Tourist dies of COVID
Scrutiny on visitor insurance programme
WESTERN BUREAU:
The American tourist who died from COVID-19 complications at the Cornwall Regional Hospital on Monday was reportedly three months pregnant and suffered from a comorbidity.
Thirty-four-year-old Kaishundra Davis died 24 hours after she was transferred from the Noel Holmes Hospital in Lucea, that facility’s senior medical officer, Dr Patrice Monthrope, confirmed to The Gleaner.
“She was in a critical condition and owing to the fact we are a Type C hospital, as soon as space was available at the Cornwall Regional, which is a Type A referral facility, we transferred her there,” said Monthrope.
According to the senior medical officer, he spoke with her husband last Saturday and urged him to airlift her out of the country. However, she had no private health insurance, which would facilitate the payment for airlift from Jamaica.
In a late-night press statement, Tourism Minister Edmund Bartlett extended condolences to the family and friends of the deceased.
“Representatives from the Jamaica Tourist Board and other tourism stakeholders are currently providing assistance to the relatives of the guest,” Bartlett said.
Reports are that Davis was diagnosed with the virus approximately 10 days ago after a routine COVID-19 antigen test. She was placed in isolation at the Hedonism II hotel where was vacationing.
Her condition worsened over the isolation period and she was eventually sent to the Noel Holmes Hospital for further care.
The tourist’s death coincides with a wave of coronavirus cases that have fuelled record hospitalisations, deaths, and infections. Jamaica has recorded almost 63,000 cases and more than 1,400 fatalities.
There has been much hoopla about the Jamaica Care Insurance Programme, which has been stalled by procurement red tape, was scheduled to be launched the second week of November 2020. The programme was specifically geared at tourists travelling to the island.
The initiative comprised two components – an all-hazard and a COVID-19 programme – aimed to provide travel protection and emergency services to tourists coming into the island, as well as to ensure the safety and protection of workers in the tourism sector and, by extension, Jamaican citizens.
Hedonism ‘outbreak’
Efforts to get a comment from Hedonism II’s general manager were unsuccessful as calls to his cellular phone were not answered.
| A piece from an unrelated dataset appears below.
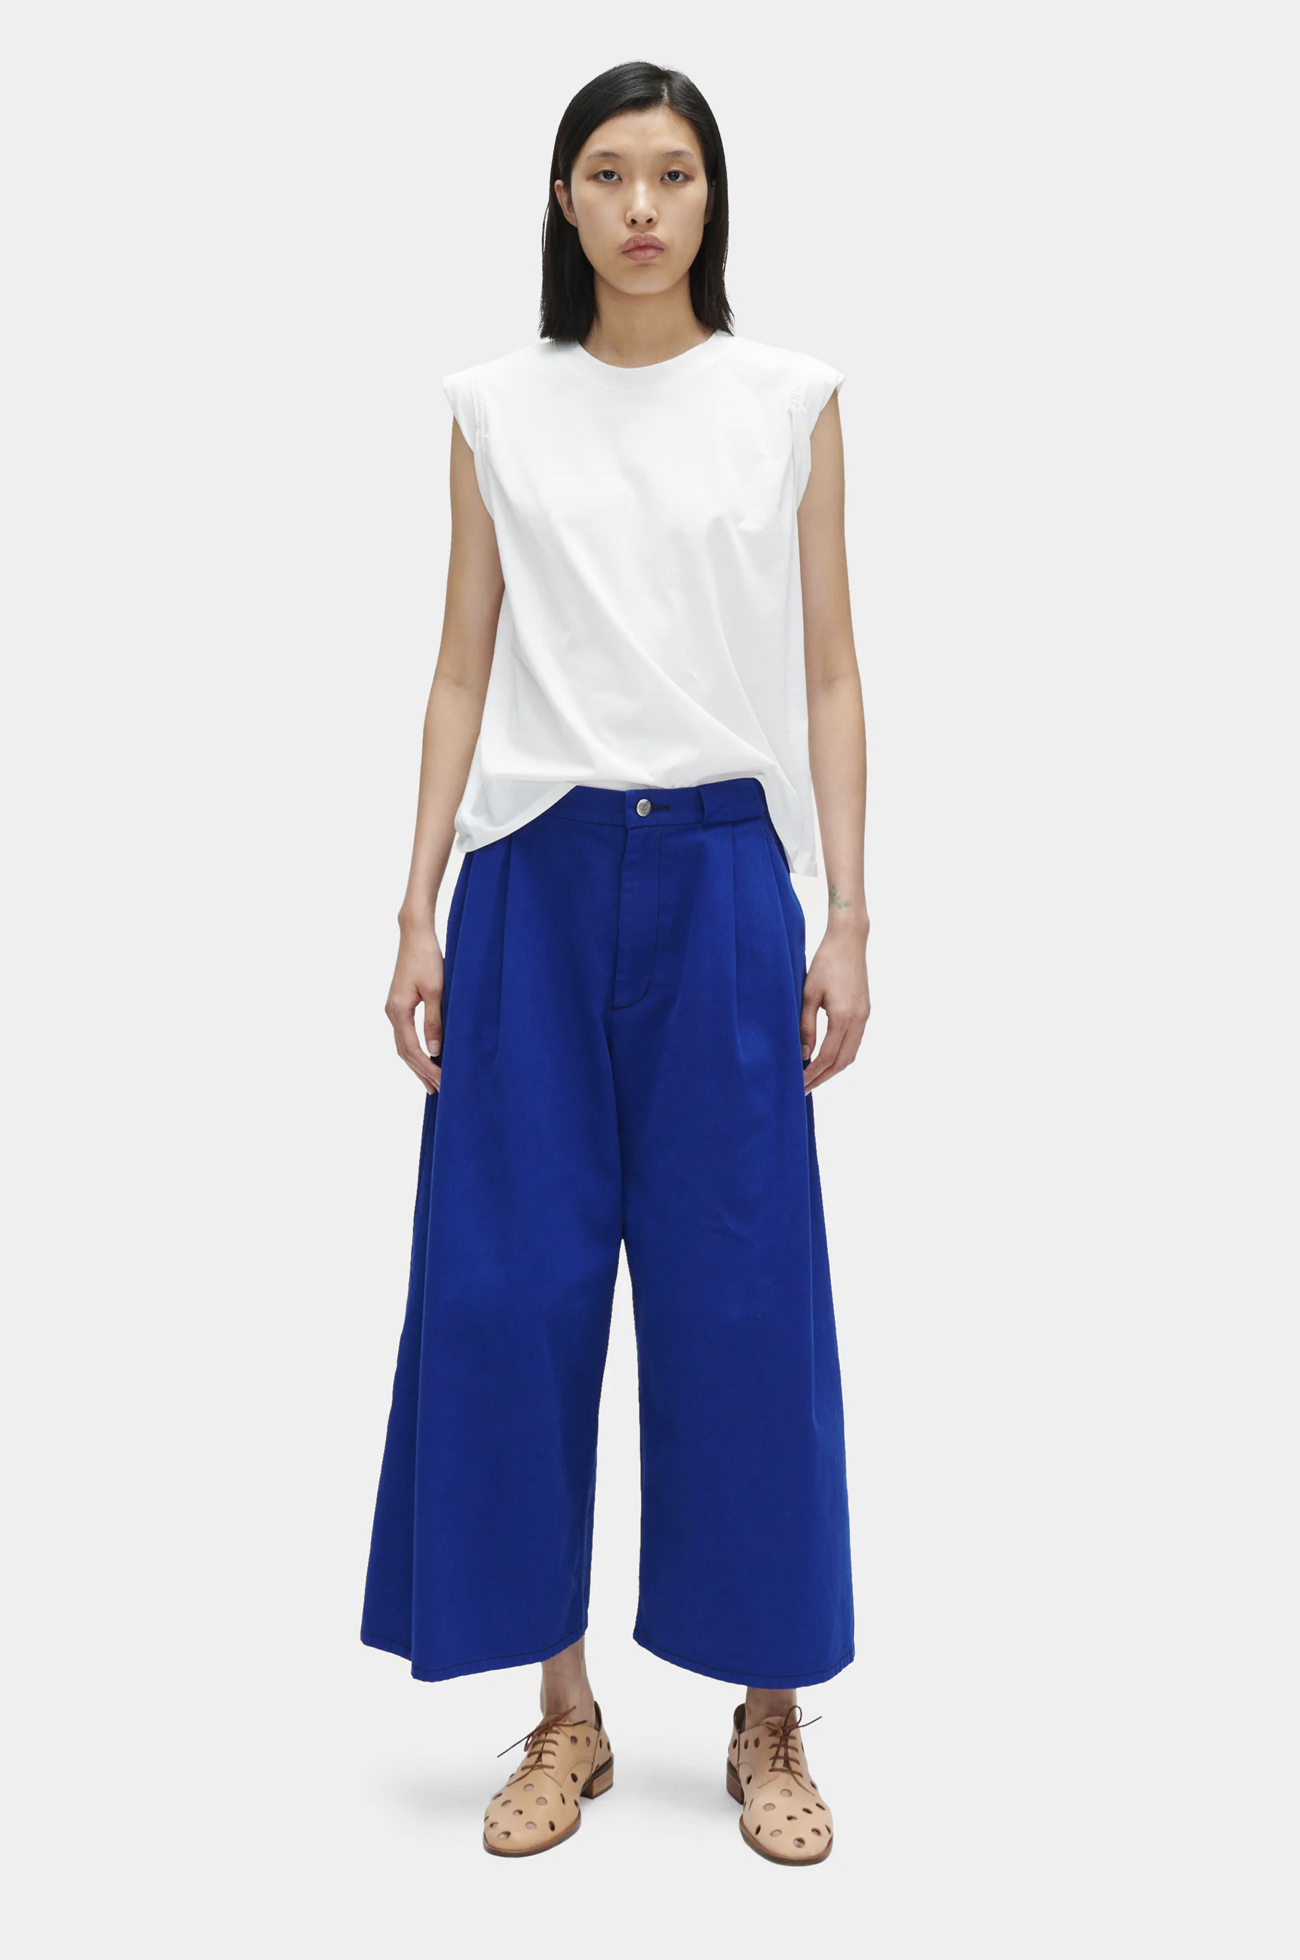 Miles Tee in White by Rachel Comey

Negril’s Hedonism II has experienced a rash of coronavirus infections among staff and guests in what the hotel described as “a very small outbreak”.
However, well-placed sources informed The Gleaner that over a period of two days, 35 staff tested positive, while a number of guests were discovered to be infected in recent weeks.
The hotel, in a press statement, said that the 280-room property tested more than 1,300 guests, with less than 0.5 per cent testing positive.
“As with other resorts in Negril and indeed other businesses throughout Jamaica, we work daily with the new normal of persons contracting the virus,” Hedonism said.